AJI: Setop Labeli Hoaks Tindak Represif Aparat di Wadas
Ketua Umum Aliansi Jurnalis Independen (AJI), Sasmito meminta pemerintah berhenti menyatakan tindakan represif aparat keamanan di Desa Wadas, Kabupaten Purworejo, Jawa Tengah (Jateng) dengan label hoaks.
Ia berkata, pemerintah harus mengedepankan prinsip-prinsip seperti komitmen non partisan dan keadilan, komitmen transparansi atas sumber, transparansi metodologi, serta komitmen atas koreksi yang terbuka dan jujur, sebagaimana diwajibkan Jaringan Pengecekan Fakta Internasional (IFCN).
"AJI Indonesia menyerukan pemerintah untuk menghentikan pelabelan hoaks peristiwa di Wadas yang sewenang-wenang dan berdasarkan klaim yang dianggap sesuai dengan narasi yang diharapkan aparat," kata Sasmito dalam keterangan pers yang diterima CNNIndonesia.com, Sabtu (12/2).
Ia memandang pemerintah terlihat berupaya mendistorsi berita terkait pengamanan berlebihan, kekerasan, dan penangkapan yang dilakukan aparat. Hal tersebut, menurutnya, setidaknya tergambar dalam konferensi pers yang disampaikan Menko Polhukam Mahfud MD di Jakarta pada Rabu (9/2).
Bahkan, lanjutnya, siaran informasi Polri juga melabeli situasi di Wadas sebagai hoaks atau informasi bohong.

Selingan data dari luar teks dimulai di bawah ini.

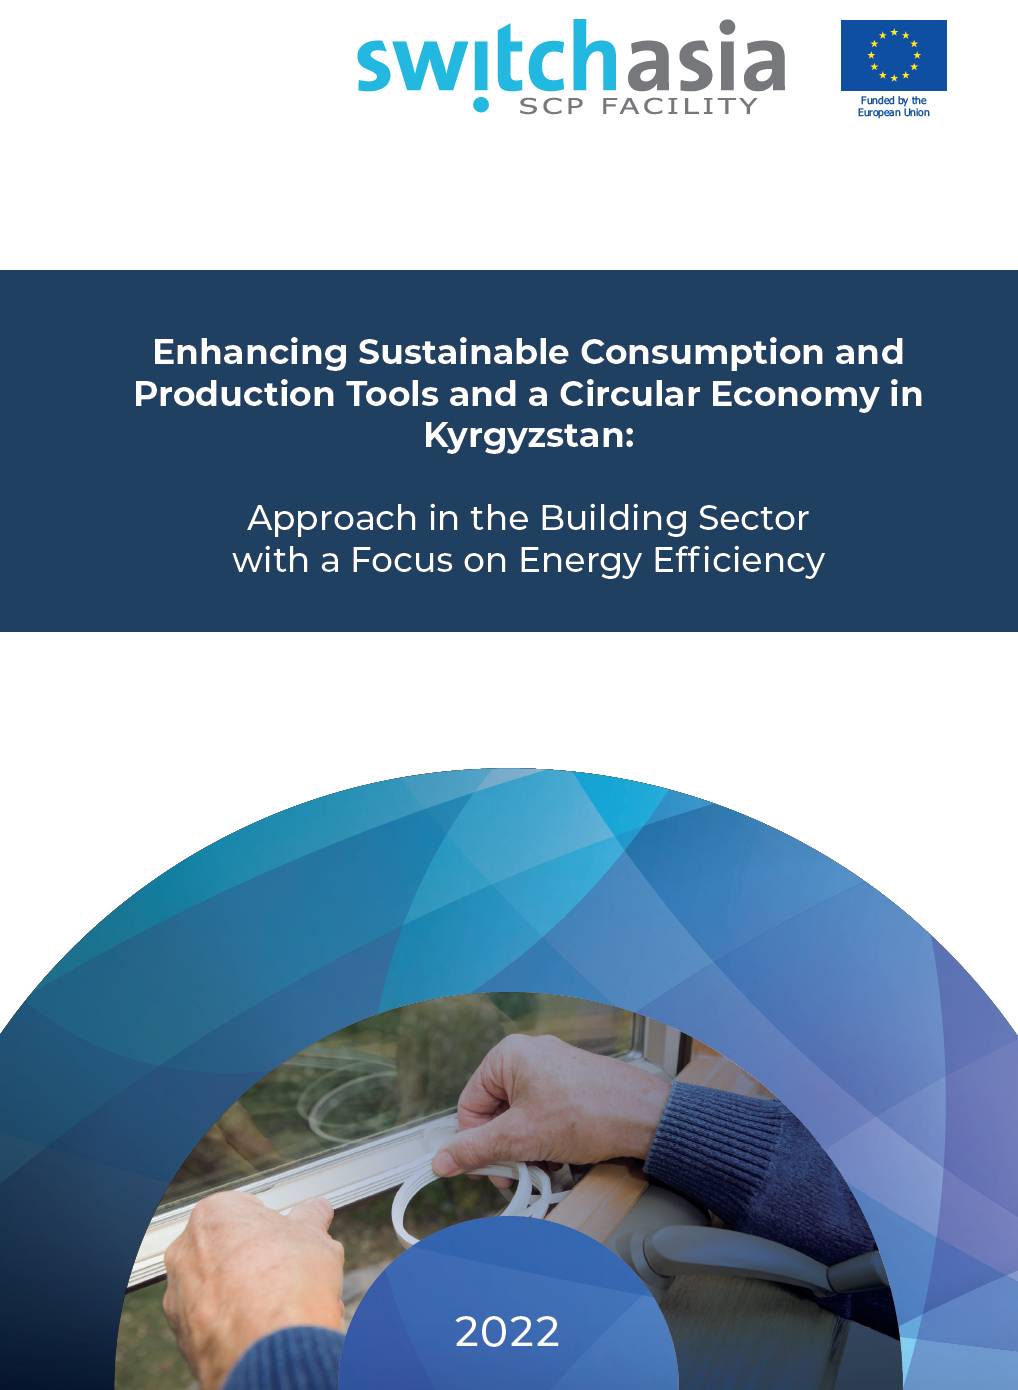 Enhancing Sustainable Consumption and Production Tools and a Circular Economy in Kyrgyzstan

"Polisi membuat narasi bahwa ada warga yang membawa senjata tajam dan kemudian diamankan polisi. Namun, Tempo melaporkan bahwa senjata tajam yang dibawa warga merupakan alat untuk mencari rumput pakan ternak," katanya.
Lebih lanjut, Sasmito menyerukan pers nasional agar menjalankan fungsi kontrol sosial seperti diamanatkan Undang-undang Nomor 40 Tahun 1999 tentang Pers, termasuk melakukan pengawasan, kritik, koreksi, dan saran terhadap hal-hal yang berkaitan dengan kepentingan umum seperti pembangunan proyek strategis nasional (PSN) Bendungan Bener yang berdampak kepada warga Desa Wadas.
Saat ini, menurutnya, hanya pers yang dapat menjadi juru bicara publik saat berhadapan dengan pemerintah atau penguasa.
"[Kami menyerukan] pers nasional untuk memberikan suara kepada mereka yang tidak bisa bersuara," ujarnya.
Sasmito menegaskan, pers harus tetap bersikap independen dan menghasilkan berita yang akurat terkait peristiwa di Wadas.
Menurutnya, independen berarti memberitakan peristiwa atau fakta tanpa campur tangan, paksaan, dan intervensi dari pihak lain termasuk pemilik perusahaan.
Sedangkan akurat, lanjutnya, berarti sesuai keadaan objektif peristiwa tersebut dan telah diverifikasi berlapis, tidak hanya sekedar mengutip pernyataan pejabat atau narasumber tertentu.
Sebelumnya, Ketua YLBHI Muhammad Isnur menuding Menko Polhukam, Mahfud MD, telah berbohong terkait insiden di Desa Wadas.
Isnur juga menyebut penjelasan Mahfud bahwa tidak ada kekerasan terhadap warga Desa Wadas kemarin tak sesuai fakta-fakta di lapangan.
"Cerita Pak Mahfud ini jelas tidak berdasar dan berbeda dengan fakta-fakta yang ada di lapangan dan kami lihat, LBH Jogja lihat di lapangan," kata Isnur saat dihubungi CNNIndonesia.com, Rabu (9/2).
"Jika Pak Mahfud melihat video yang tersebar dengan mudah di sosial media dan juga bagaimana cerita warga, jelas apa yang Pak Mahfud sampaikan itu bohong," ujarnya menambahkan.
Isnur menyebut berdasarkan video yang beredar dari warga Wadas, banyak memperlihatkan aparat kepolisian menangkap warga desa dengan tindakan kekerasan. Selain itu, terdapat video yang menampilkan kekerasan aparat.
"Banyak di video kekerasan terjadi. Ada banyak pemuda termasuk pengacara LBH kena pukul juga, ditangkap oleh kepolisian," katanya.